Not only that, almost all public health research work on the philosophy of which one is better : Which “drug” is better?, Which “medical policy” is better?, etc. In short, almost every final decision is taken by comparing numbers and fractions. What if the answers are the wrong side of paradox? We choose the wrong drug, the wrong policy, the wrong solution!

I present you the first article of a 3 – article series on Simpson’s Paradox.

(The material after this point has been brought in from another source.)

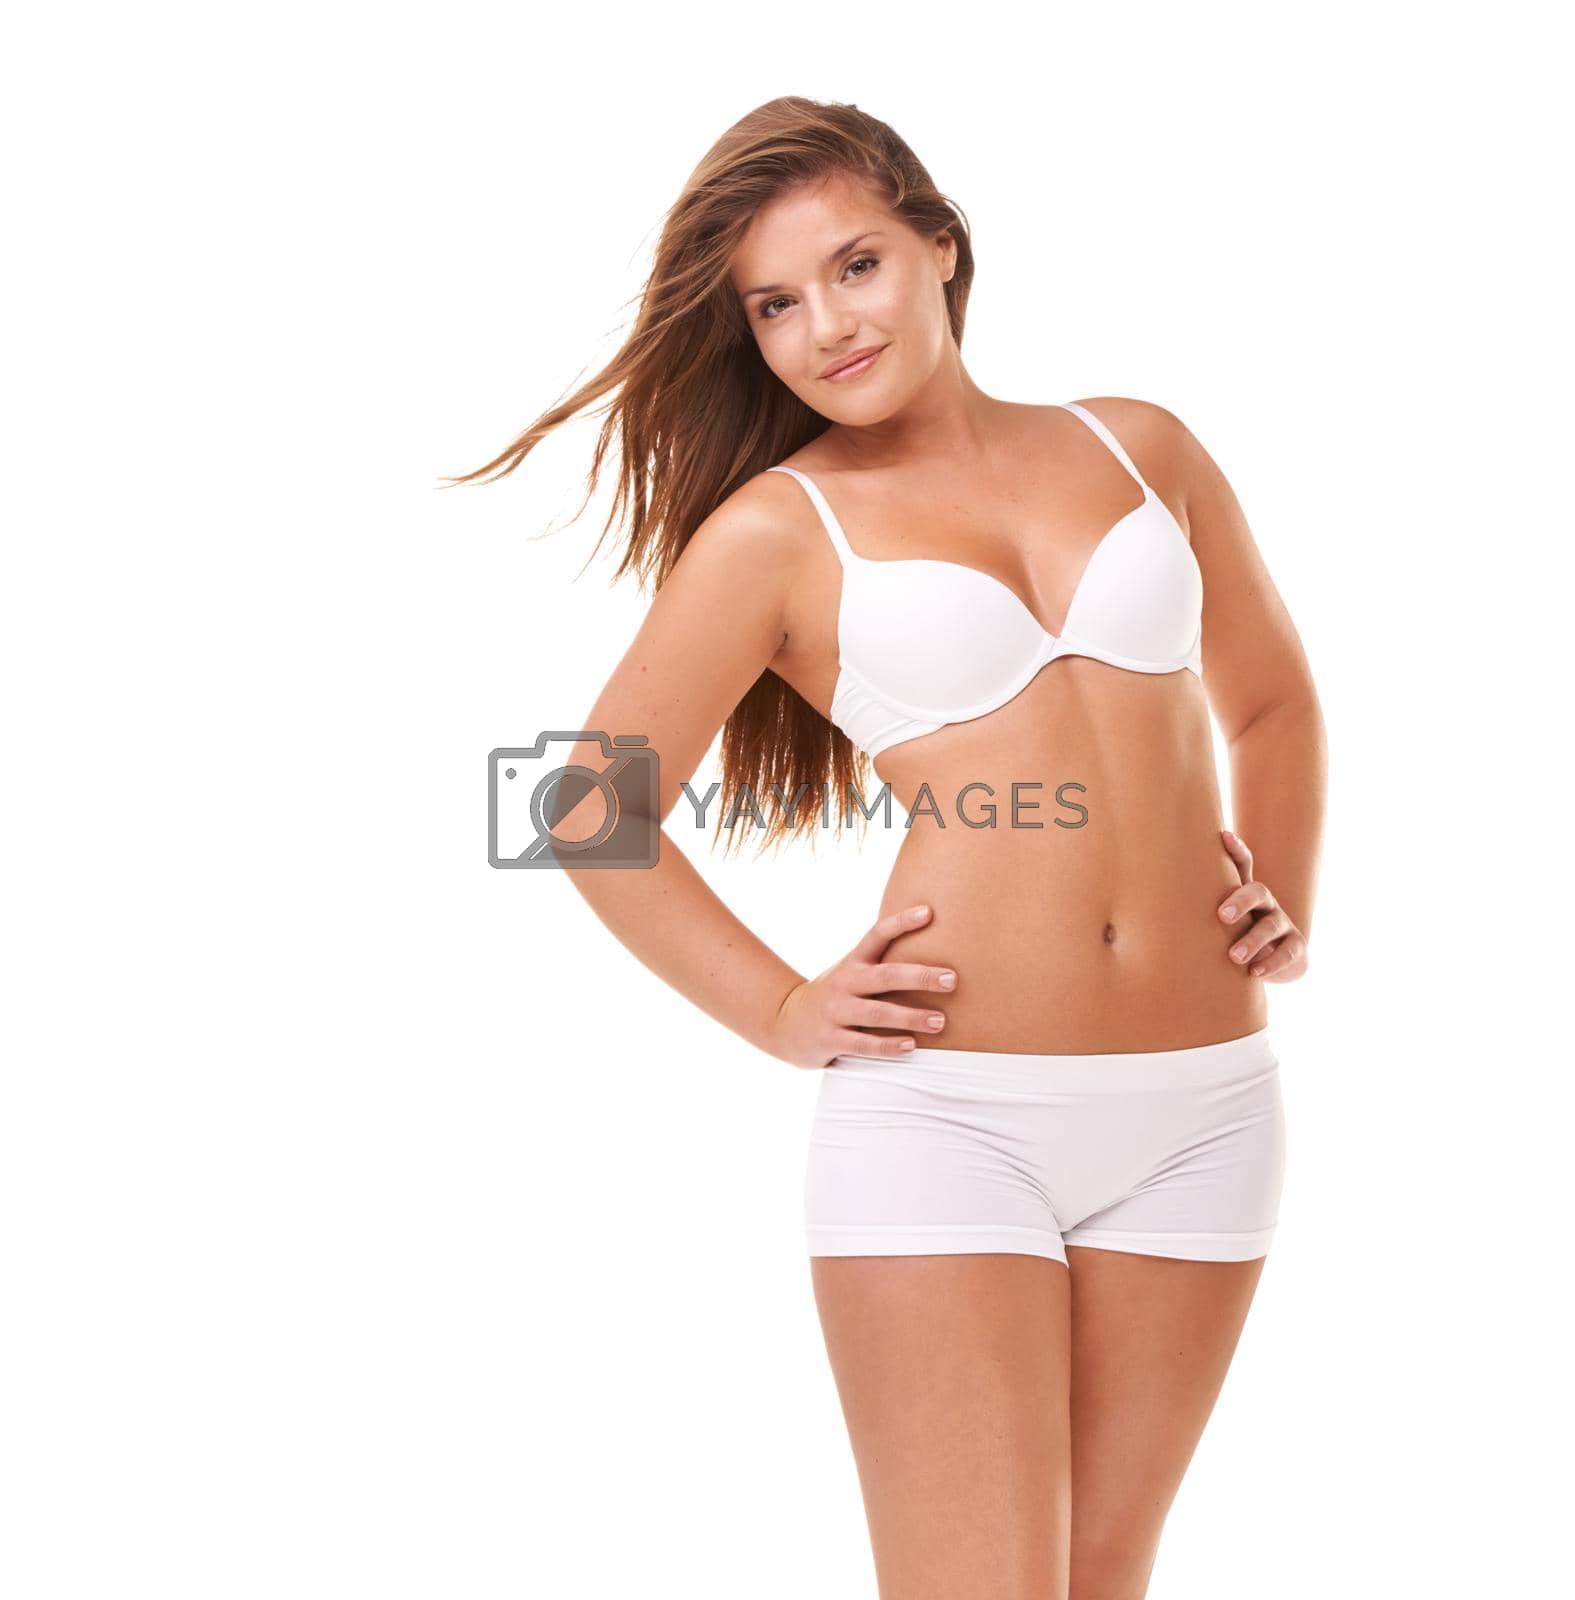 Royalty free image of Her confidence is all natural. Full-length portrait of a confident young woman posing in her underwear. by YuriArcurs

Simpson’s Paradox : When Statistics lie (1 / 3)

# History

UC Berkeley Gender Bias :

One of the best-known examples of Simpson’s paradox is a study of gender bias among graduate school admissions to the University of California, Berkeley. The admission figures for the fall of 1973 showed that men applying were more likely than women to be admitted, and the difference was so large that it was unlikely to be due to chance.

But when examining the individual departments, it appeared that six out of 85 departments were significantly biased against men, whereas only four were significantly biased against women. In fact, the pooled and corrected data showed a “small but statistically significant bias in favor of women.” The data from the six largest departments are listed below, the top two departments by number of applicants for each gender italicized.

[DataTables taken from Wikipedia]

So what just happened here? When the data was looked after segmentation it revealed a clearly opposite answer! If we look closely in the above table, we can see that women tend to apply at more competitive departments with fewer acceptance rates. Look at departments D, E, and F. Acceptance into these departments was very less. However, women still applied to them. While men tend to apply in departments with greater acceptance rates. Hence net acceptance (when the acceptance into all the departments was clubbed), women acceptance appeared to be far lesser.

Problem solved! However, this particular issue cost UC Berkeley its reputation.

This is a fictional example which is like a “Hello World” to Simpson’s paradox. Consider two drugs Drug A and B. We need to analyze which drug is better and we do it by comparing how many people were cured by each. The one with better cure rate is, of course, the better drug. Consider the following situation. A total of 200 hundred people were examined for 2 days, a 100 with A and the rest with B. The results of the cure rate was as followed :

Looking at the following data, we can say Drug B was a better performer on both Day 1 and Day 2. Day 1 cure percentage was 80% and for Day 2 it was 50% while the same for Drug A was 70% and 40% respectively. Just by looking at segmented information one might say “Hey buy Drug B, it’s better!” Now look at the net figures for Day 1 and Day 2. Clearly Drug A is better here!! Cure rate for Drug A is 67% while for B it is 53%. Paradox! So what should we say? Which one’s better? There’s a wonderful saying in statistics

Correlation does not imply Causation!

What we did in the first scenario is we looked at the daily basis of results. What we call this in statistics is we checked correlation for Day 1. Yes Drug A performed better on a daily basis however it was just due to a large difference in the number of people surveyed on each day i.e only 10 people were surveyed with Drug B on Day 1 while 90 were for Drug A. A similar case is observed for Day 2. This tends us to make a wrong conclusion.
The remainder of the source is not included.